**Dataset section**.

--------------------

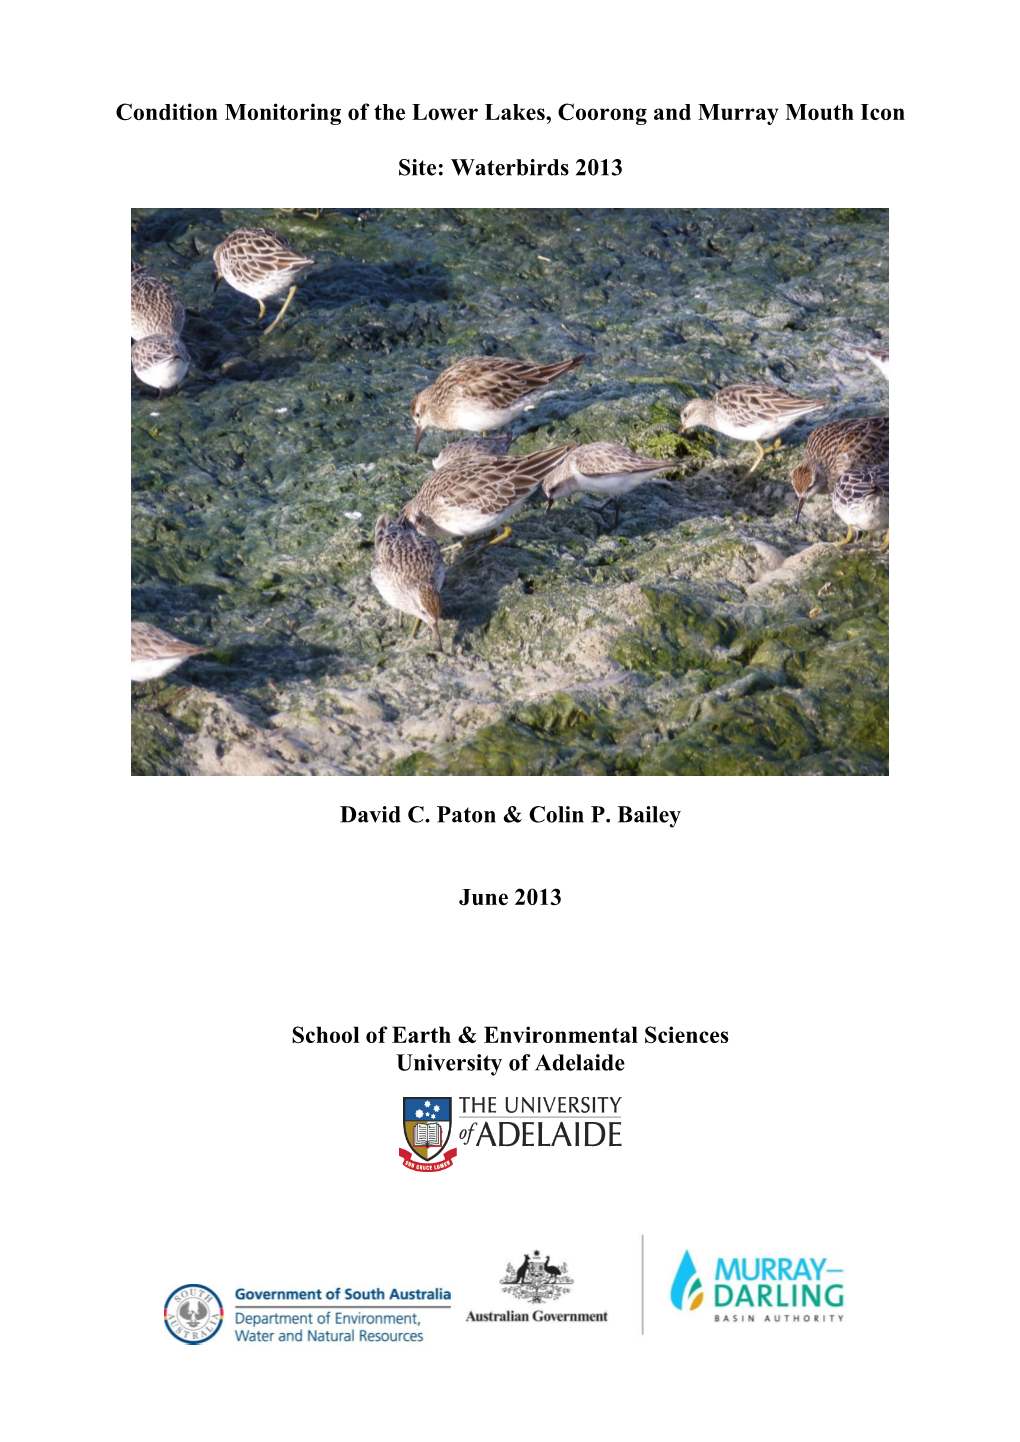 Condition Monitoring of Indicator Bird Species in the Lower Lakes
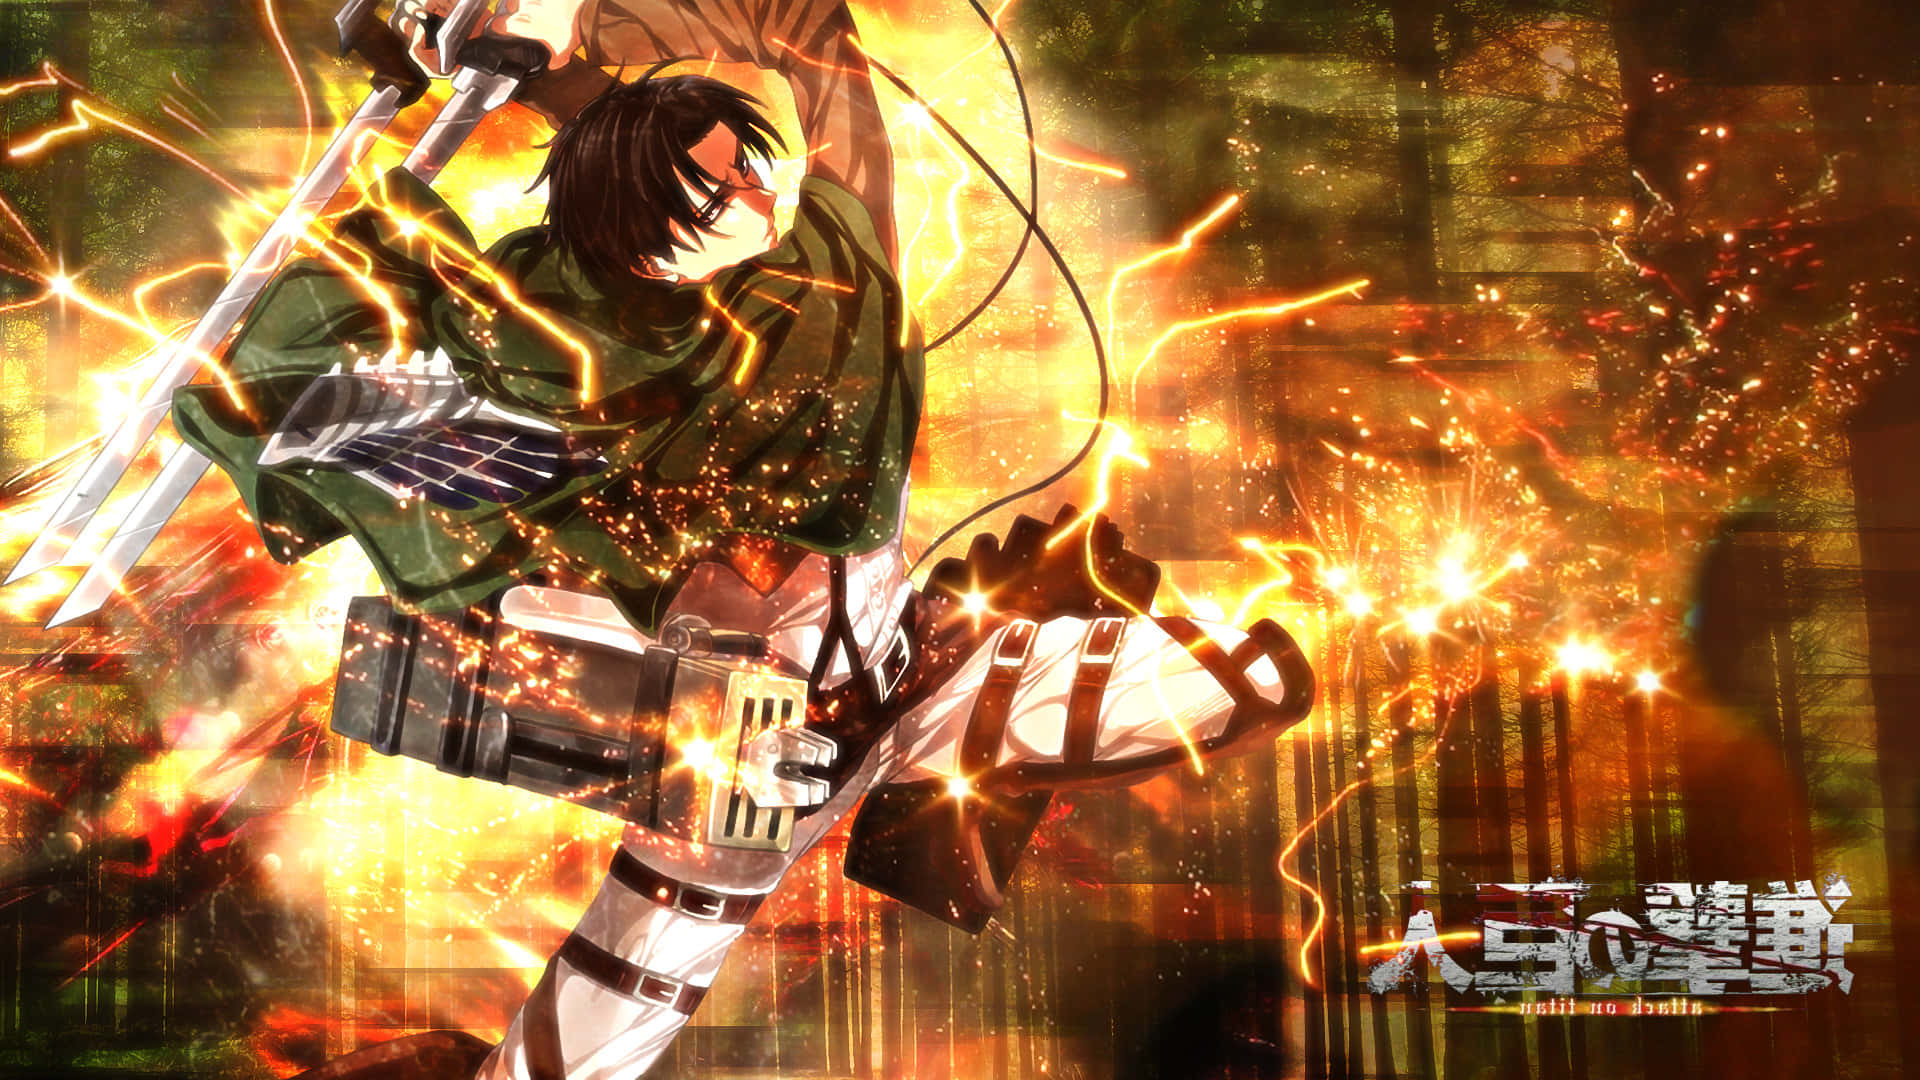 Experience the thrilling battle between titans and humans in the Attack on Titan video game. Wallpaper
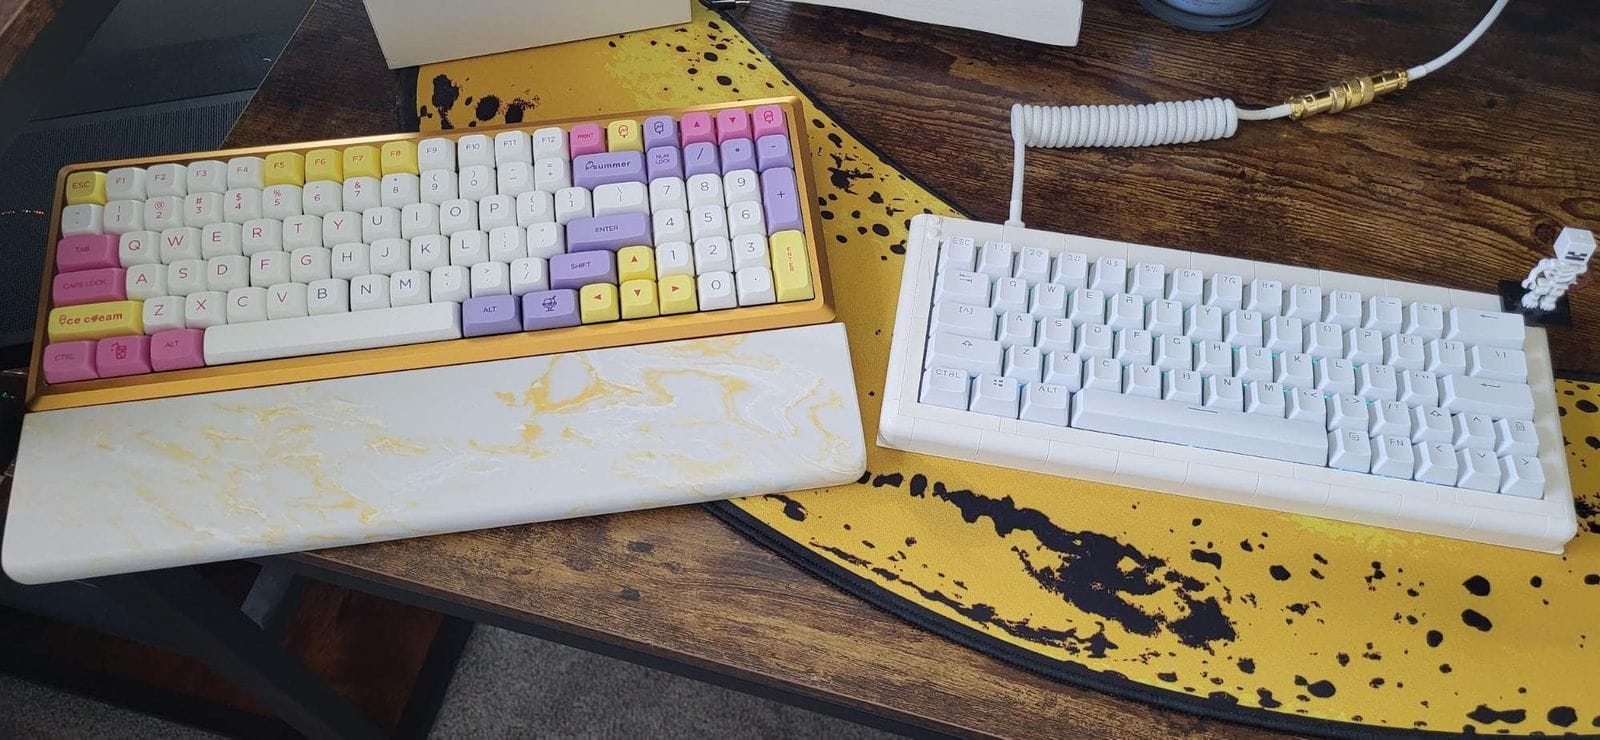 A desk setup featuring two mechanical keyboards; the left keyboard has a gold case with pastel NP PBT Ice Cream keycaps, and the right keyboard is white with YMDK Double Shot Shine Through keycaps

--------------------

**What is expected**. I'd like the data above duplicated exactly, with no pictures included.

**Result of this exercise**.
 Condition Monitoring of Indicator Bird Species in the Lower Lakes
 Experience the thrilling battle between titans and humans in the Attack on Titan video game. Wallpaper
 A desk setup featuring two mechanical keyboards; the left keyboard has a gold case with pastel NP PBT Ice Cream keycaps, and the right keyboard is white with YMDK Double Shot Shine Through keycaps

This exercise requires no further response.